Friday, September 19, 2025

< + > Managing the Mobile Surge: Securing Healthcare’s Expanding Attack Surface

The following is a guest article by DJ Oreb, President of Managed Services at DMI

When a health emergency strikes, every second matters. Increasingly, those seconds aren’t measured in hospital corridors; they’re measured through mobile devices, telehealth platforms, and connected sensors delivering care in real time.

Telehealth has evolved from a niche convenience to a cornerstone of modern medicine. During the COVID-19 pandemic, adoption soared from 14% to more than 66% in just four years, and it remains high. Patients see the value: reduced travel, lower costs, and faster access to care.

Meanwhile, connected medical devices, the Internet of Medical Things (IoMT), are redefining treatment. Wearable monitors, smart pill dispensers, and remote sensors allow providers to intervene earlier and tailor care to individuals. McKinsey estimates IoMT could create $1.8 trillion in economic value by 2030, powered by millions of devices streaming data every second.

But the rapid rise of mobility also brings risk. Each new connection is not only a tool for better care, it’s a new entry point for cybercriminals.

The Double-Edged Sword of Connectivity

Healthcare is under siege. Data breaches and ransomware attacks have surged in recent years, making the industry one of the most targeted by cybercriminals. The reason is clear: many providers still rely on outdated security strategies never designed for today’s volume of mobile devices and connected endpoints.

The irony is striking. The very tools enabling faster diagnoses, better patient engagement, and improved outcomes can quickly become liabilities if they’re not properly managed and secured. A single unprotected endpoint, whether it’s a doctor’s tablet or a patient’s wearable, can expose sensitive medical records, personally identifiable data, or even critical care systems.

To keep pace, healthcare must treat endpoint security as the new frontline of patient safety.

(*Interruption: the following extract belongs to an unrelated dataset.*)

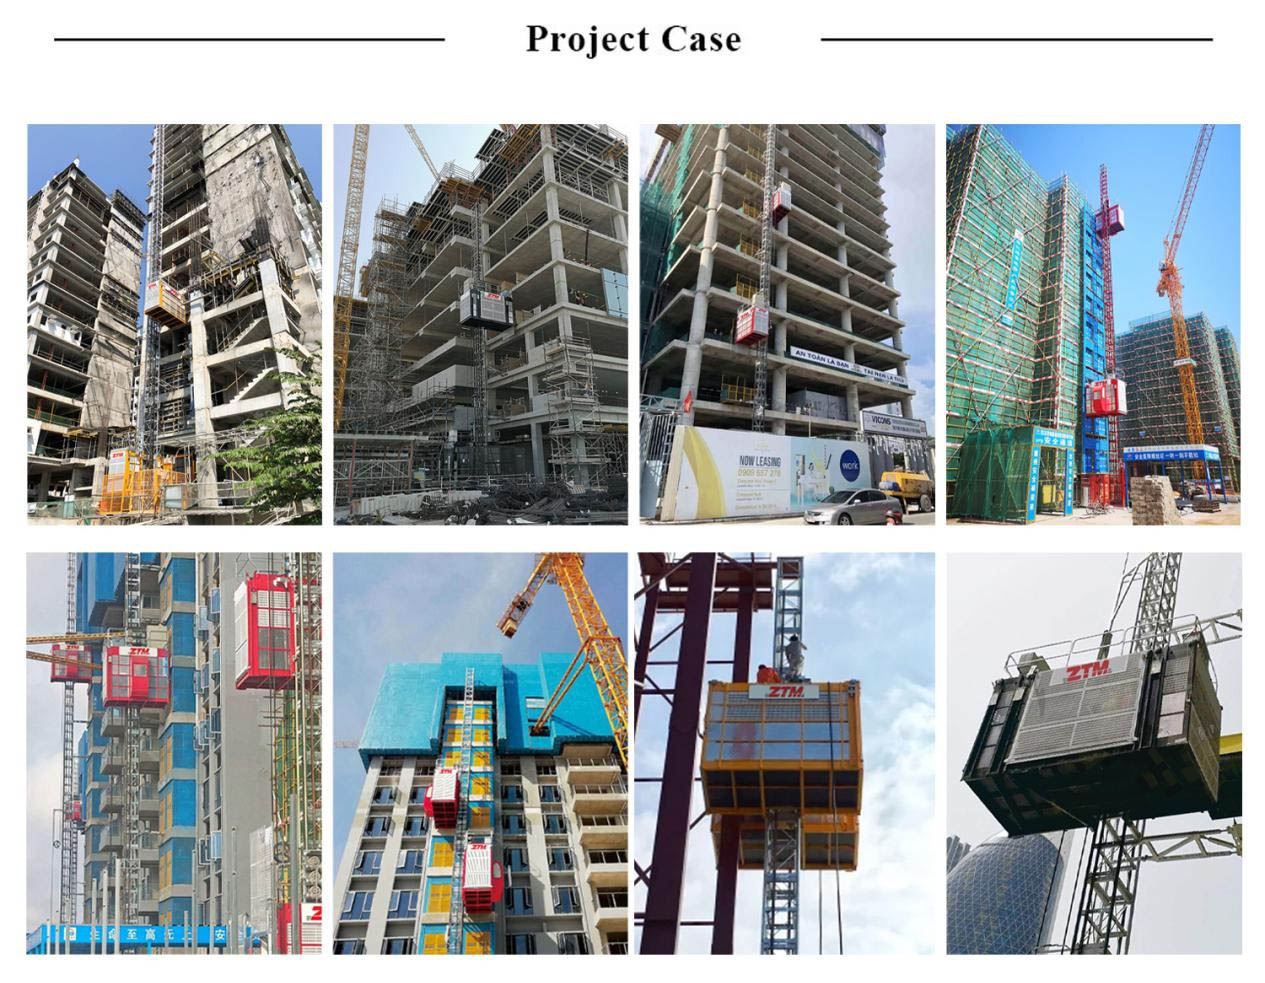 9.ZTM construction hoist export project

The New Cybersecurity Frontier: Endpoint Security

Protecting modern healthcare IT requires securing every endpoint across its lifecycle, from deployment to decommissioning. This means more than firewalls and antivirus; it requires embedding security into every step of how devices are configured, managed, and monitored.

Key safeguards include:

  • Encryption and multi-factor authentication to protect sensitive records
  • Access controls that ensure only the right people access the right data
  • Real-time monitoring and automated updates that patch vulnerabilities before attackers exploit them

Just as important is visibility. Blind spots open the door to breaches, compliance violations, and operational disruption. As security leaders often say: ‘You can’t protect what you can’t see.’ Full visibility into every endpoint is no longer optional; it’s essential.

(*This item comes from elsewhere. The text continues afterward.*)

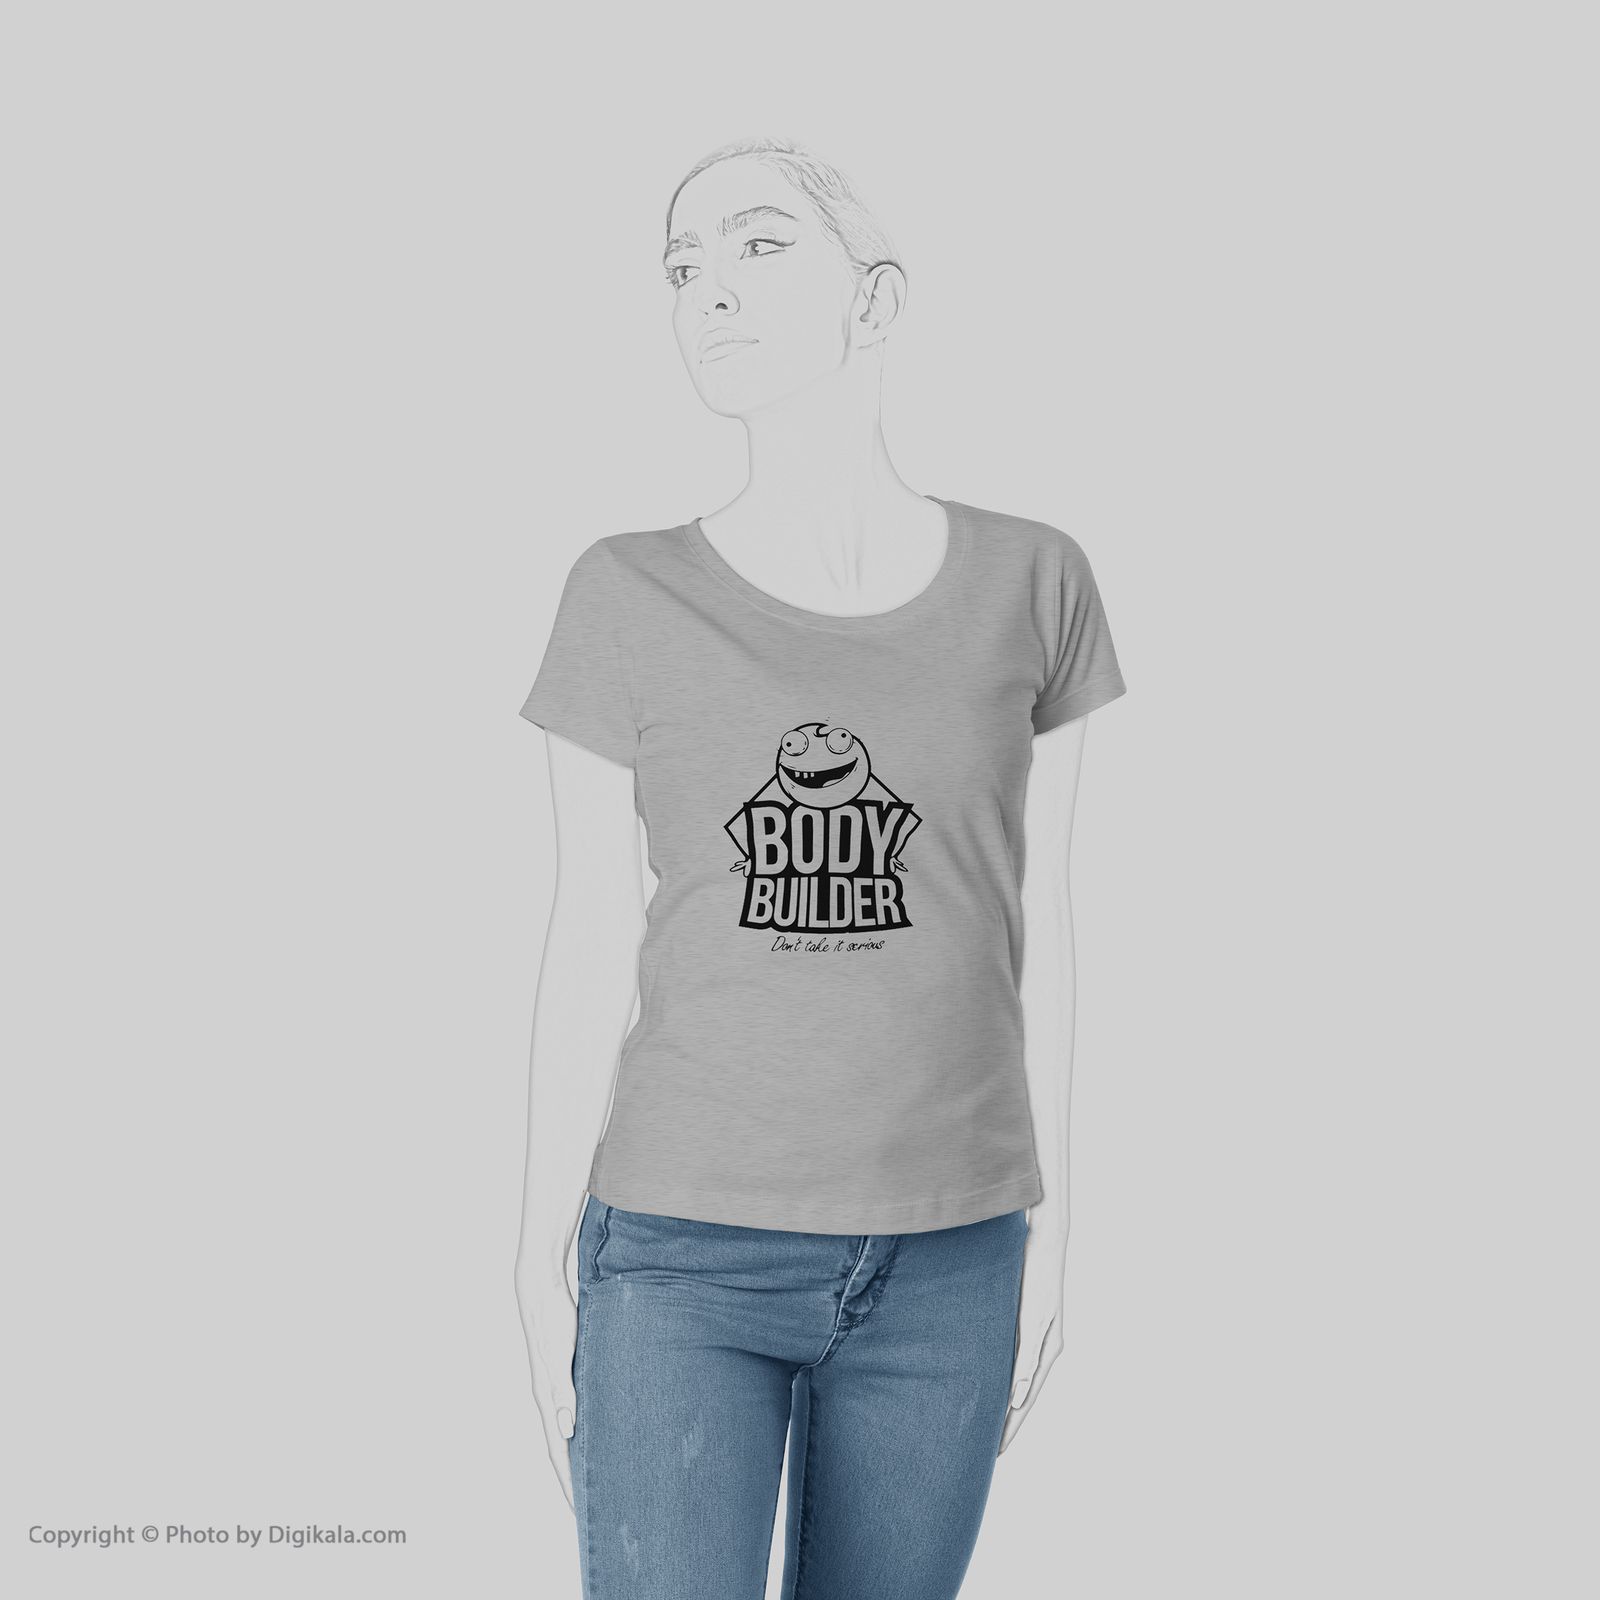 تی شرت زنانه به رسم طرح استیکر کد 4413 -  - 6

From Complexity to Clarity: Centralized Endpoint Management

For many organizations, the real challenge isn’t intent, it’s complexity. With thousands of mobile devices and connected sensors, managing them manually or across siloed systems is unsustainable.

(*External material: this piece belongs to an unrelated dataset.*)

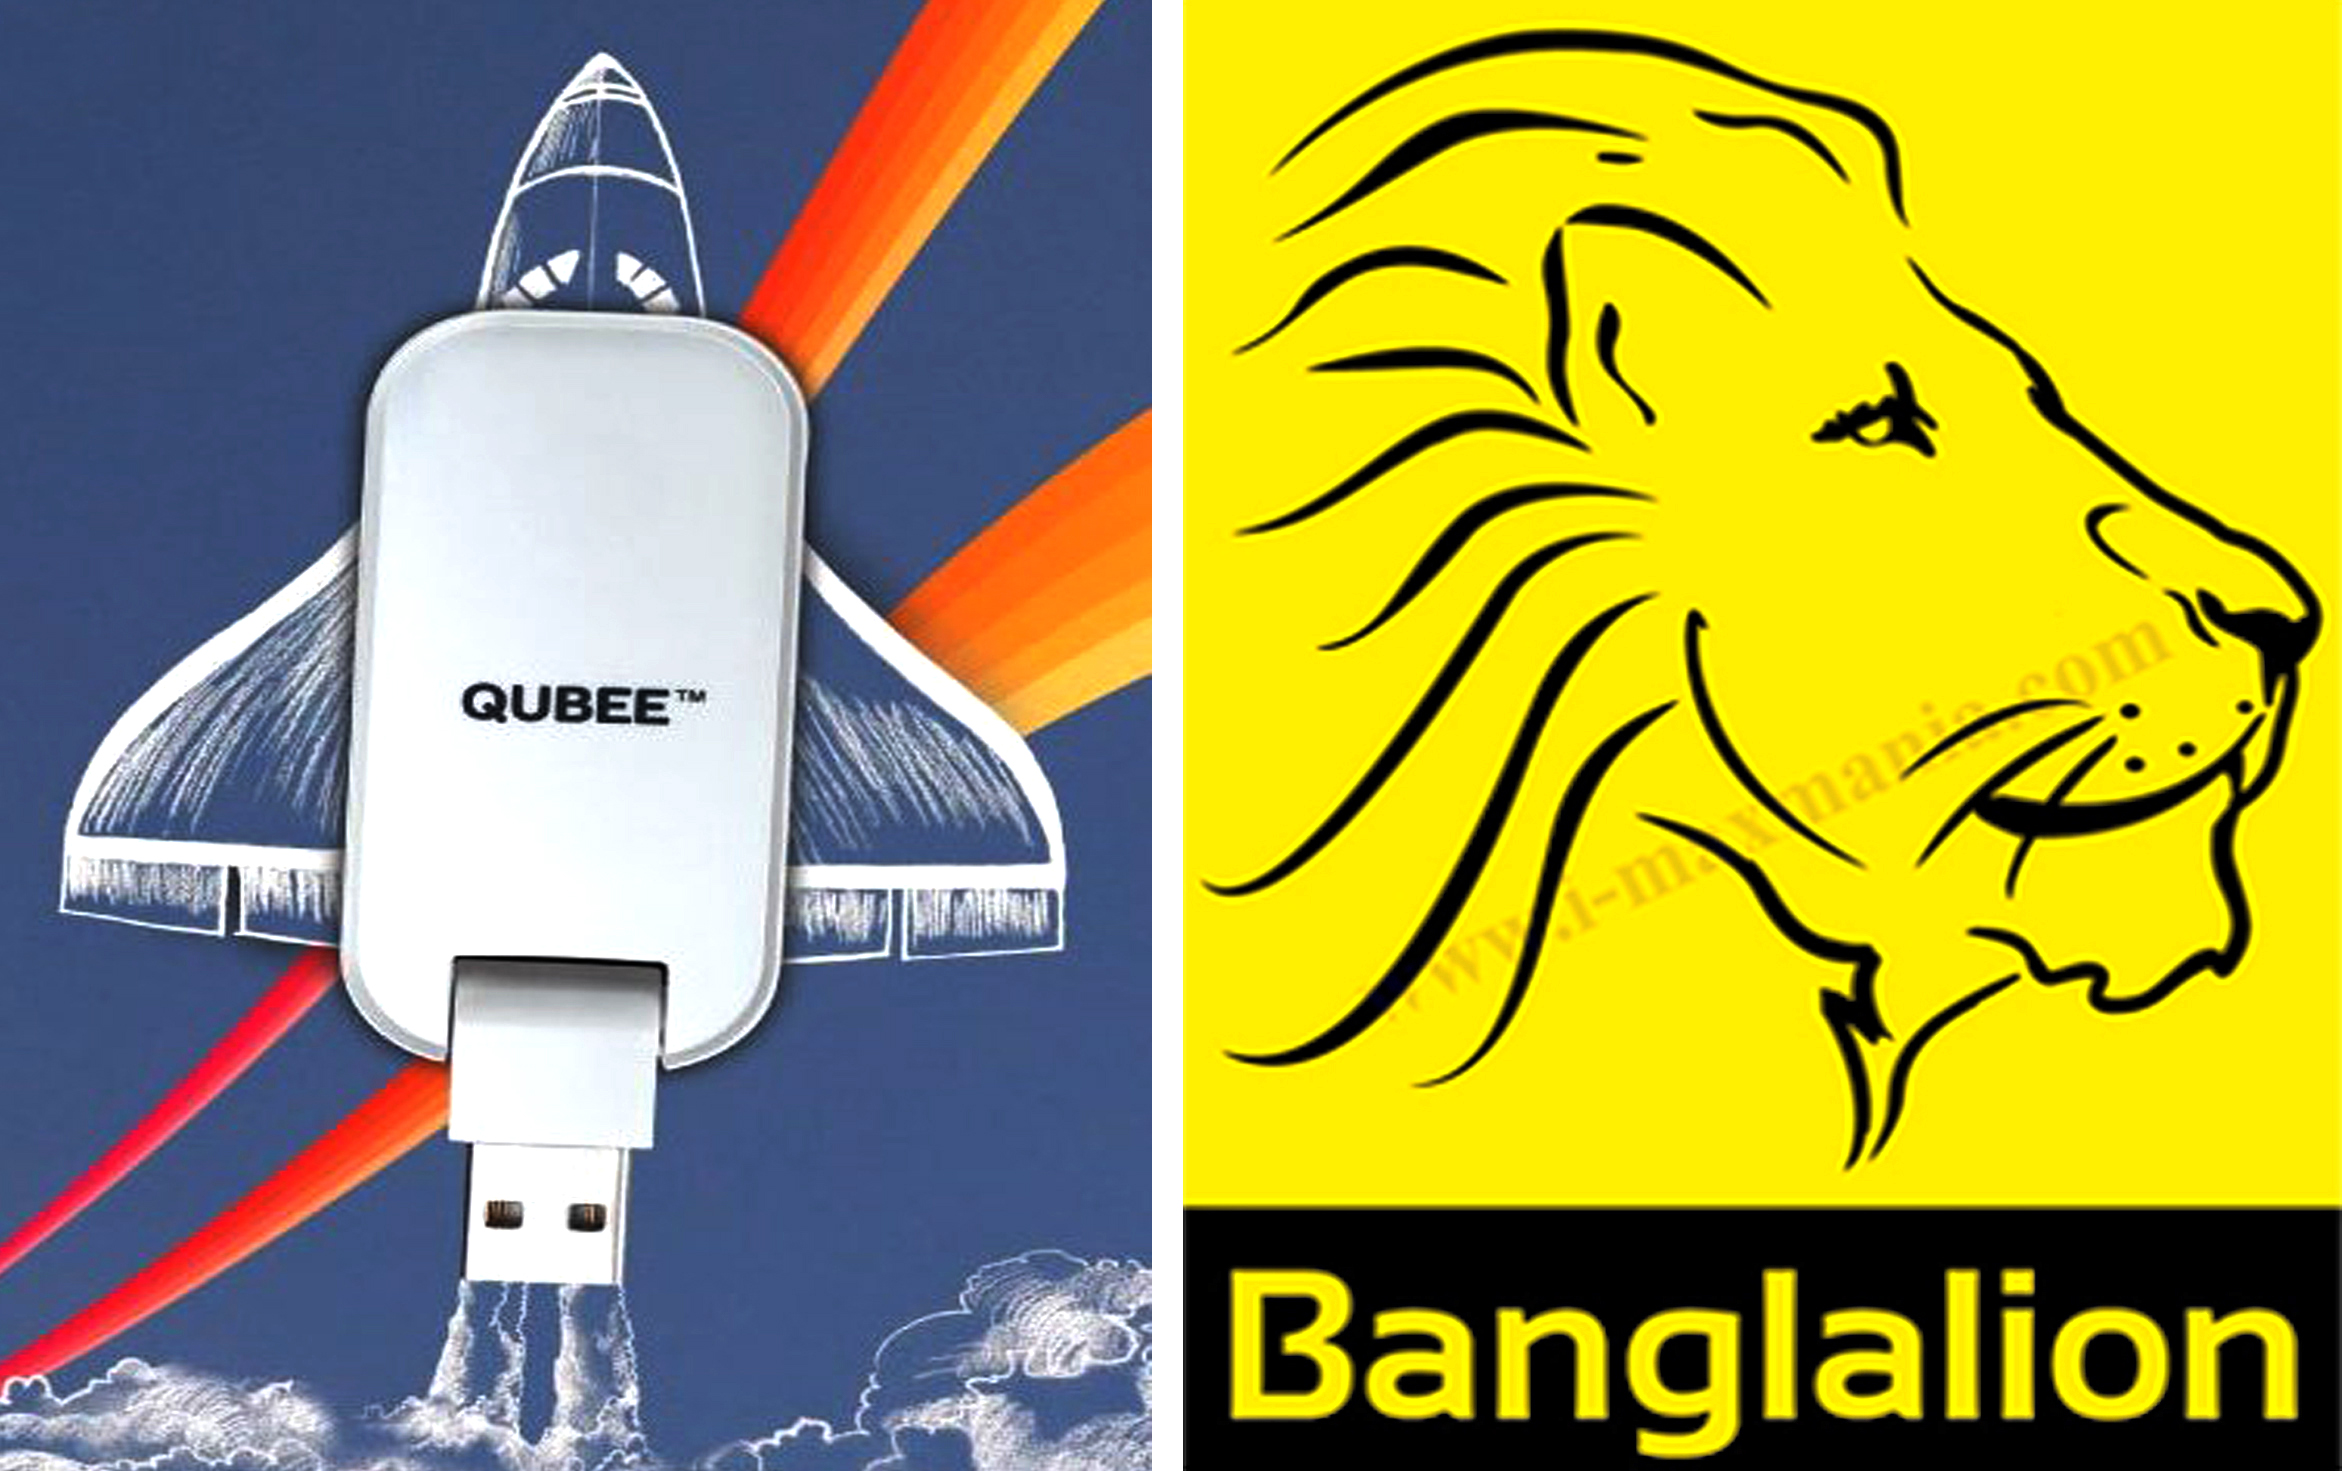 Qubee exchange with Banglalion large image 0

The answer is centralization. A cloud-based endpoint management platform consolidates oversight into a single pane of glass, giving IT teams clarity and control.

This unified approach delivers:

  • Security at Scale: Configure, deploy, and protect all devices from one platform
  • Rapid Response: Lock, wipe, or track devices showing suspicious activity
  • Smarter Operations: Use analytics on performance and usage to guide investments and staffing

The payoff is twofold: stronger security and more efficient operations. Endpoint management shifts from a defensive necessity to a strategic advantage.

The Future is Mobile, and It Must Be Secure

The trajectory is clear. Healthcare will continue to lean on mobility: more telehealth visits, more wearables, more connected devices. The question isn’t whether healthcare will be mobile. It already is. The question is whether it will be secure.

Patient trust today depends not only on compassionate care and accurate diagnoses, but on the confidence that their information is safe. That means healthcare leaders must move beyond patchwork defenses and adopt unified endpoint management strategies that scale.

With centralized visibility, automated safeguards, and integrated management tools, providers can empower clinicians while protecting infrastructure. Devices become assets, not vulnerabilities. Mobility becomes an advantage, not a liability.

The mobile surge isn’t slowing down. The responsibility, and the opportunity, for healthcare leaders is to ensure it drives progress, not risk.

About DJ Oreb

As President of Managed Services at DMI, DJ leads the Managed Services group, overseeing its operations, growth, and strategic market positioning. With extensive expertise in procurement, telecom expense management, and IT operations, DJ has successfully built high-performing, results-driven programs that enhance operational efficiency and business growth. His expertise in mobile lifecycle management, telecom expense management, IT operations, and vendor strategy enables him to build programs that empower enterprises to optimize and scale their IT Managed Services.